Excuse my inability to give up on this matter. My real point here is that I think you have created a circular argument, which is not subject to refutation. As I see it, you can find confirmation in your view in anything or nothing. That, more than your defense of your thesis in view of the Loving case, is what I find perplexing. And, that case confirms that you will hang on a really think limb - which ought to tell you that your argument is really not as good as you believe it to be.

On a different topic, I hope that you have read Jeffrey Goldberg's excellent article in the Atlantic. If not, you should.

David Schraub said...

All I'm arguing is that court action generally post-dates rather than pre-dates the politically viability of a given issue. However it was that Maryland or Nevada or Indiana decided to repeal their anti-miscegenation laws, the fact that they did so is prima facia proof that repealing anti-miscegenation laws was a politically viable decision to make.

The question of "constituencies" is a red herring -- all I need to demonstrate for my thesis to hold is that political viability predates legal viability (at least before the Supreme Court, at least most of the time). This is the reverse of Carolene Products, which says that courts should intervene when the political option is effectively foreclosed due to the marginalization of the group or issue.

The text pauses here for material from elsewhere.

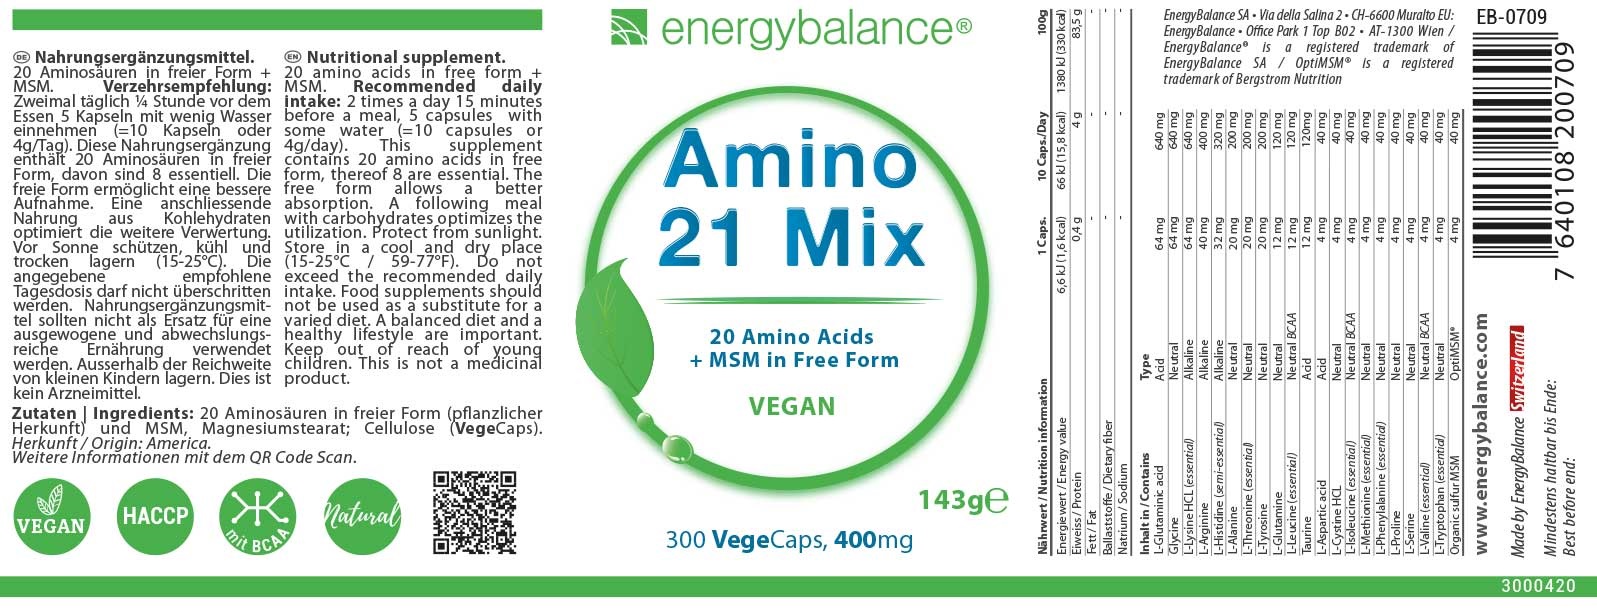 Amino 21 Mix Etikett von Energybalance

An example that would falsify my hypothesis would have been if the Supreme Court had ruled the other way in Baker v. Nelson. That was a 1972 challenge against barring gays from marriage, and one that occurred way before gay marriage was on anybody's political radar screen. But of course, the Supreme Court dismissed Baker in a single sentence.

N. Friedman said...


Not to be too stubborn here, but you have subtlety altered your thesis.

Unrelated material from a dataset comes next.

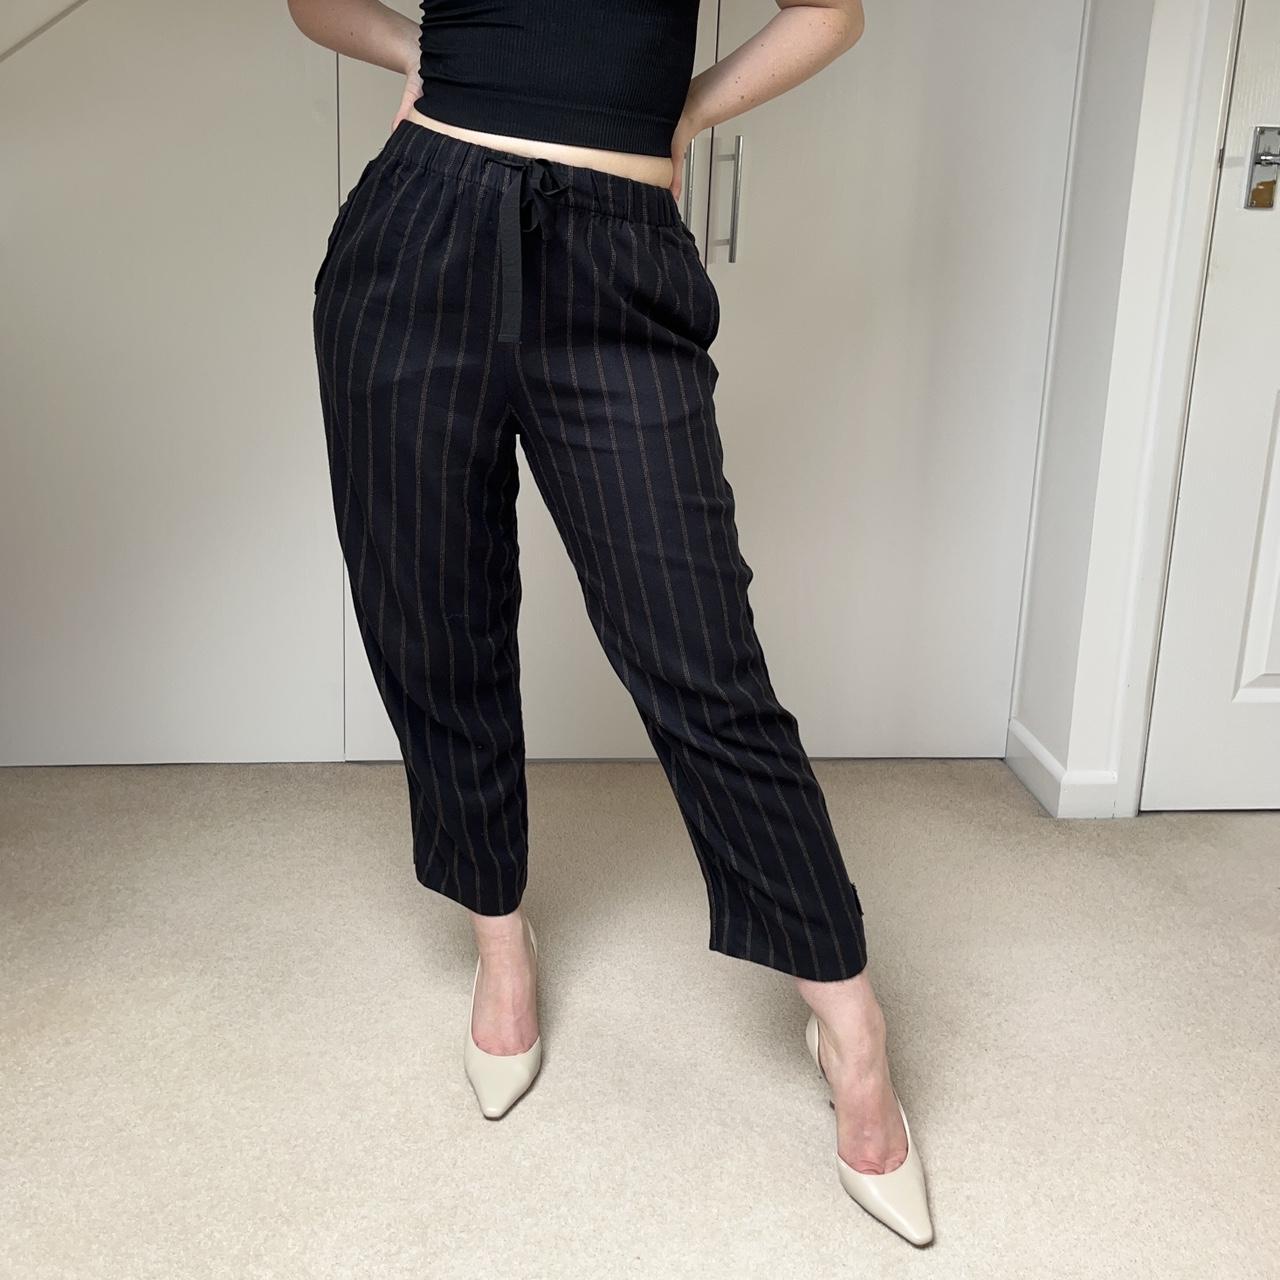 zara size eur L black flare-leg trousers with stripe and sparkle detail |  eBay

Your original thesis was: "A major part of my comment thesis is that courts don't protect the politically powerless, but rather only intervene once a marginalized group has demonstrated some clout in the political arena." The group must demonstrate some clout, according to your original thesis. That is not something I added.

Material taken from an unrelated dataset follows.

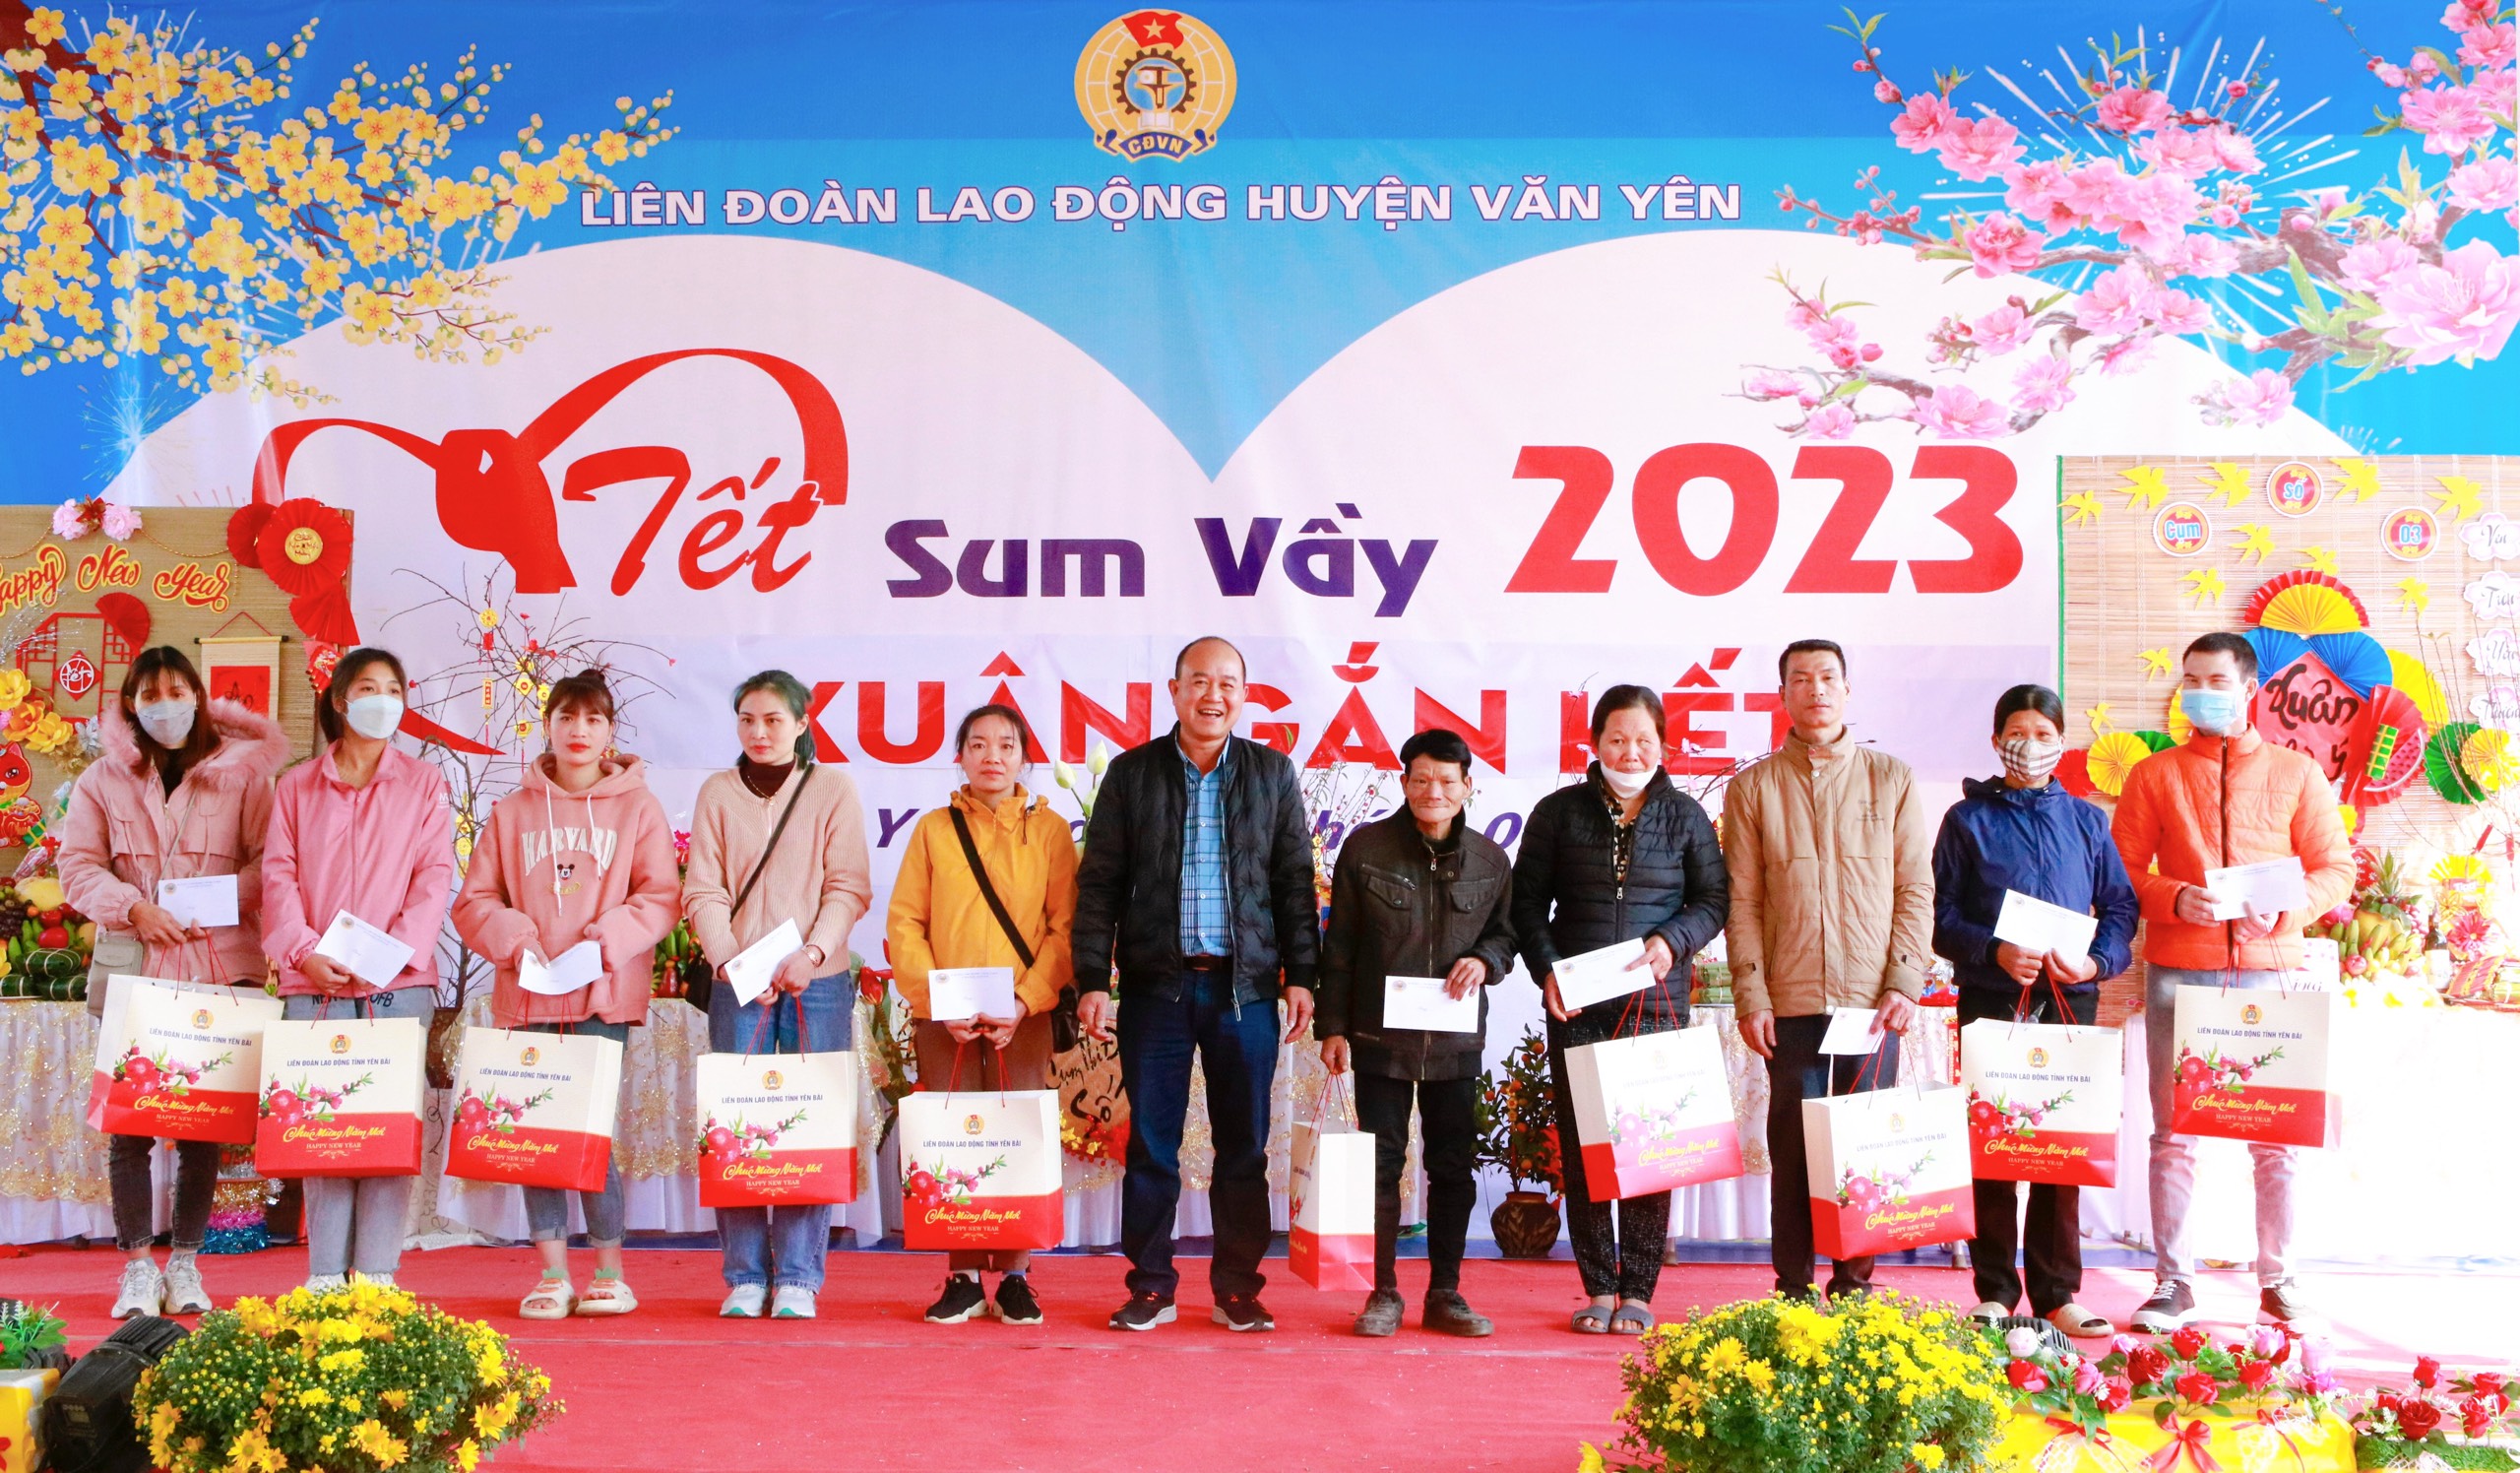 Farmers in Van Yen - Yen Bai received Tet gifts from Visimex

Now, you claim, "all I need to demonstrate for my thesis to hold is that political viability predates legal viability."

The problem with that thesis is that it is hopelessly vague, as in the term "political viability" is not only elastic but could mean anything at all.

Returning to our discussion about the Loving case, there was no group with clout involved. And, whatever viability there was in the cause was outside of the Confederacy, the place where the Court was asked to act. So, your contention assumes a United States post civil rights era.

One might better argue, with at least some degree of historical support, that there was no viability in the South on the issue and, while there were reasons why such laws disappeared in other parts of the country, the South presented very different issues and political forces. Moreover, by 1967, Jim Crow was in retreat. While there was no viable force pushing for the result in Loving, the forces against the couple were in retreat, but for unrelated reasons.

Akio said...

I find it bizarre in the extreme to suggest that there was no group with clout involved in the Loving case. The group of people interracially marrying was, at the time, quite small, but the relevant constituency included all those supporting interracial marriage, including civil rights advocates of all colors, regardless of whether or not they were ever interested in the possibility of marrying a person of another race.

For a minority, gaining political clout doesn't mean increasing the numbers of that minority, it means getting larger segments of society to sign on to their platform. The gay equality movement hasn't gained political relevance by turning more people gay, for instance; the change is that more people of all orientations accept the aims of the movement.